Knowledge Graph RAG Query Engine

Graph RAG

Graph RAG is an Knowledge-enabled RAG approach to retrieve information from Knowledge Graph on given task. Typically, this is to build context based on entities' SubGraph related to the task.

Why Knowledge Graph RAG Query Engine

In Llama Index, there are two scenarios we could apply Graph RAG:

Build Knowledge Graph from documents with Llama Index, with LLM or even local models, to do this, we should go for KnowledgeGraphIndex.
Leveraging existing Knowledge Graph, in this case, we should use KnowledgeGraphRAGQueryEngine.

Note, the third query engine that's related to KG in Llama Index is NL2GraphQuery or Text2Cypher, for either exiting KG or not, it could be done with KnowledgeGraphQueryEngine.

Before we start the Knowledge Graph RAG QueryEngine demo, let's first get ready for basic preparation of Llama Index.
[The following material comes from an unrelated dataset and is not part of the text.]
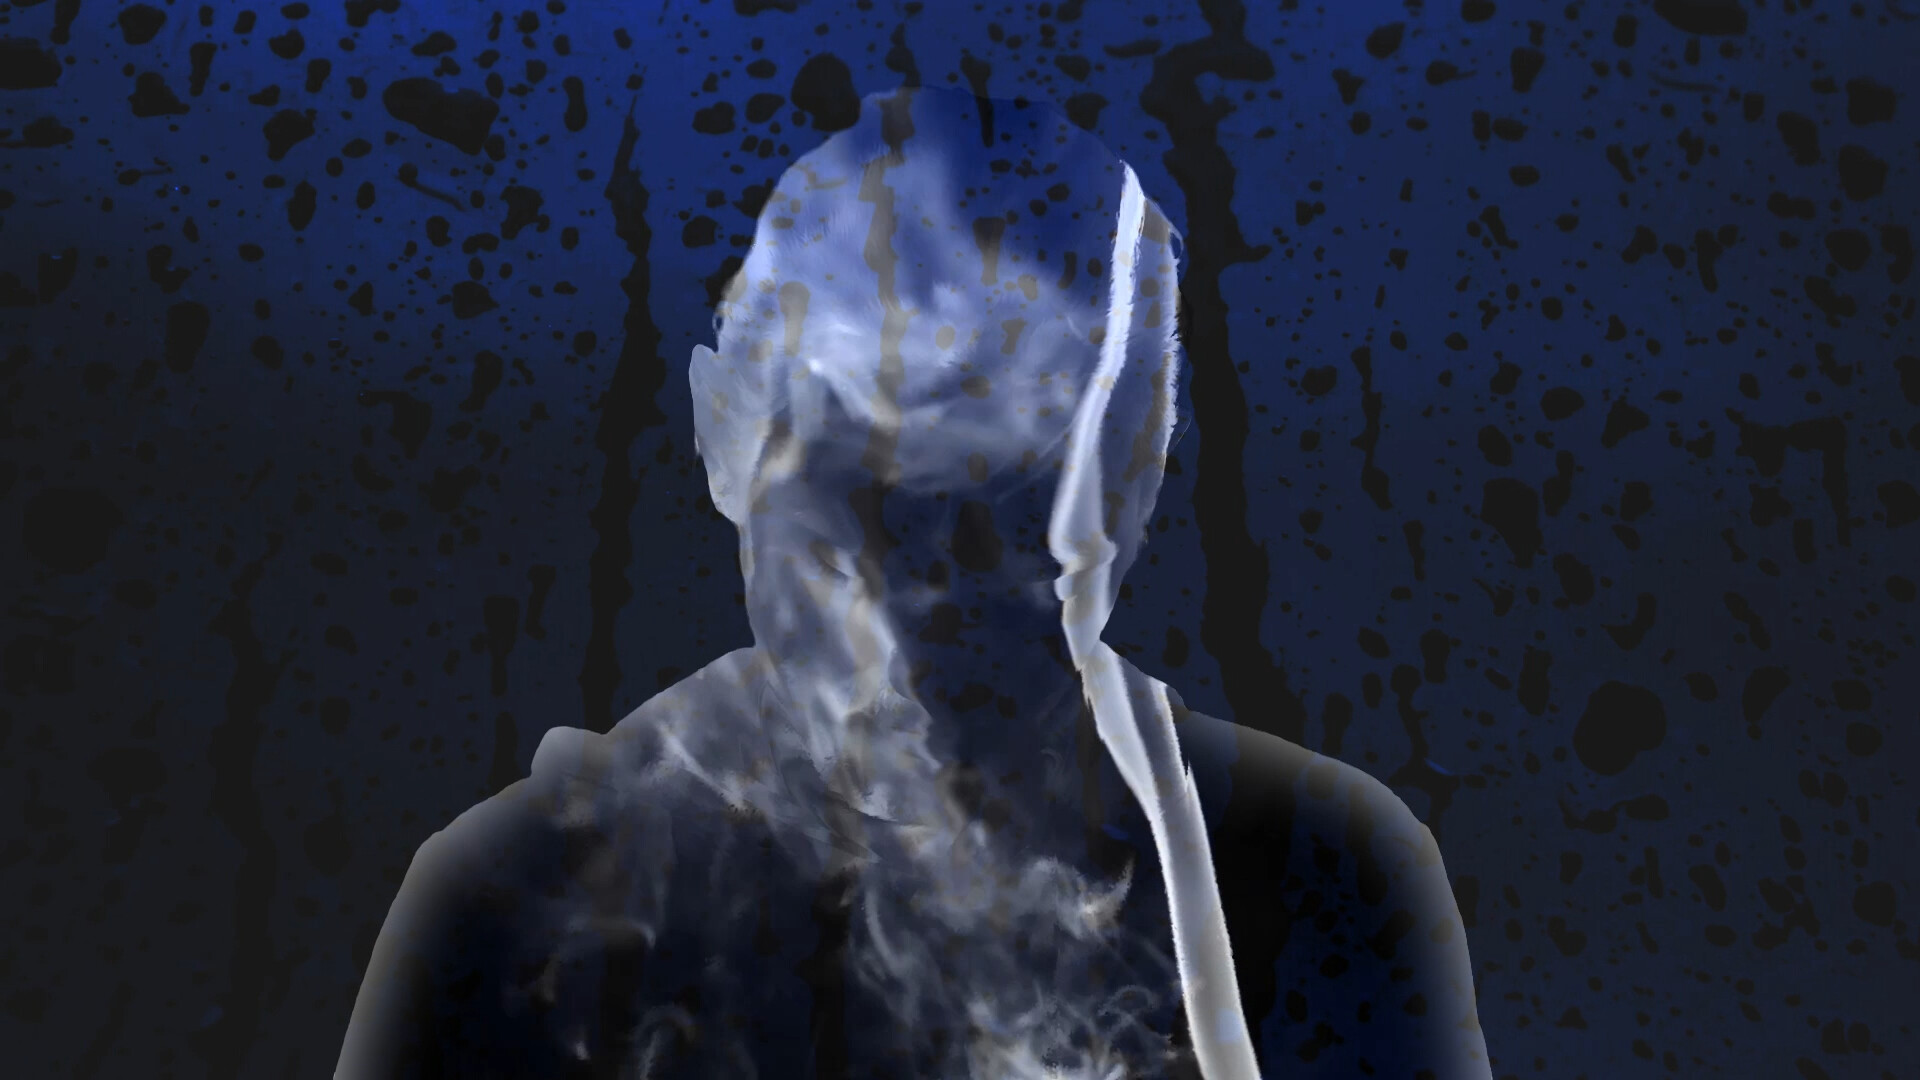 Simón García Malheiro - Creepy Smoke Effects on After Effects

If you're opening this Notebook on colab, you will probably need to install LlamaIndex 🦙.

python

%pip install llama-index-llms-azure-openai
%pip install llama-index-graph-stores-nebula
%pip install llama-index-llms-openai
%pip install llama-index-embeddings-azure-openai

python

!pip install llama-index

OpenAI

python

# For OpenAI

import os

os.environ["OPENAI_API_KEY"] = "sk-..."

import logging
import sys

logging.basicConfig(
    stream=sys.stdout, level=logging.INFO
)  # logging.DEBUG for more verbose output


# define LLM
from llama_index.llms.openai import OpenAI
from llama_index.core import Settings

Settings.llm = OpenAI(temperature=0, model="gpt-3.5-turbo")
Settings.chunk_size = 512

Azure

python

from llama_index.llms.azure_openai import AzureOpenAI
from llama_index.embeddings.azure_openai import AzureOpenAIEmbedding

# For Azure OpenAI
api_key = "<api-key>"
azure_endpoint = "https://<your-resource-name>.openai.azure.com/"
api_version = "2023-07-01-preview"

llm = AzureOpenAI(
    model="gpt-35-turbo-16k",
    deployment_name="my-custom-llm",
    api_key=api_key,
    azure_endpoint=azure_endpoint,
    api_version=api_version,
)

# You need to deploy your own embedding model as well as your own chat completion model
embed_model = AzureOpenAIEmbedding(
    model="text-embedding-ada-002",
    deployment_name="my-custom-embedding",
    api_key=api_key,
    azure_endpoint=azure_endpoint,
    api_version=api_version,
)

python

from llama_index.core import Settings

Settings.llm = llm
Settings.embed_model = embed_model
Settings.chunk_size = 512

Prepare for NebulaGraph

We take NebulaGraphStore as an example in this demo, thus before next step to perform Graph RAG on existing KG, let's ensure we have a running NebulaGraph with defined data schema.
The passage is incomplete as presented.